Sounds like you have done quite a bit of homework. This seems to be a
typical result from MEG builders
In a video that I watched where bearden goes into detail on the MEG's
operation it is more of a L/C
type of circuit. from what he said in that video the input waveform is
like /`\ ramp up and ramp down.
as you can tell there are some sweet spots between pulse width and
frequency of the drive signal.
since its a L/C circuit you must design a load match transformer that
will allow you to pull power out of it.
simply putting a resistive load across the output will detune the
circuit and throw it out of its "balance"

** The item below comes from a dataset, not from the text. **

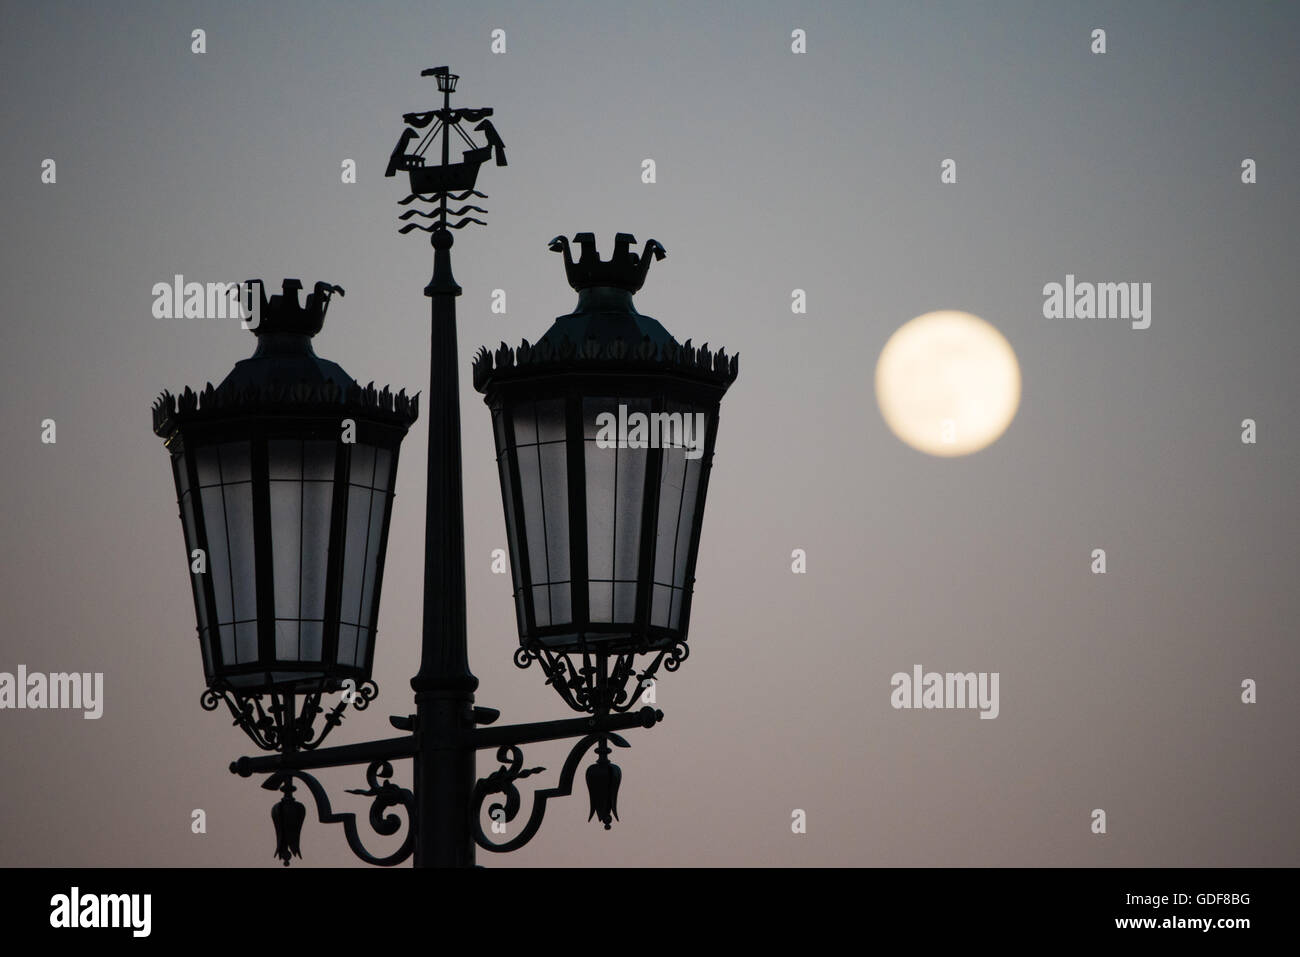 LISBON, Portugal - Silhouette of a street light on Praça do Comércio, with the full moon in the background. Known as Commerce Square in English, Praça do Comércio is an historic square in the Pombaline Downtown district of Lisbon, next to the Tagus River. Stock Photo

I have not done this myself yet as I have been short on time but that is
my next step to design a, more or
less a balun or unun to decouple the meg from the effects of the load.

(Kent)

lichtrov wrote:
>
> Hi all!
>
> I'm an EE and was intriqued by MEG because of simple circuitry
> required to operate. I've built my own replication of the MEG - also
> unsuccessfully (I mean I didn't obtain COP > 1). In my controller I
> can independently change both frequency and duty cycle of the gate
> driving voltage. My MEG has taps on both primary and secondary
> windings and I can play with turns ratio. While working without load,
> I obtained output voltage with close to sine waveform and amplitudes
> around reported by Bearden and Naudin. However, after loading the
> output (even lightly with 100kOhm resistor), output voltage decreases
> significantly to a few volts.
>
> It's pretty hard to debug the device since I don't understand how it
> should work. I started to dig into Berden's patent and I have a
> question: does anybody have an idea how Bearden measured the current
> in both primary (Fig 6D) and secondary (Figs 6G,H)?
>
> The question arised because the primary current he described has
> extremely small duty cycle - around 1 microsecond for both rise and
> fall. It supposes duty cycle with around 500 nanoseconds of active
> driving voltage - nothing comparable can be seen in Figs 6A,B. Also I
> tried to build high side current measurement circuit and (even with
> most recent chips!) it has around 500kHz bandwidth and cannot provide
> such a sharp waveform. Thus I presume that Tom measured a voltage on
> a small low side resistor. The voltage produced by such measurement
> can have short spikes as presented in Fig 6D because of capacitive
> coupling from adjacent circuitry and even from the ground ripple
> itself.
>
>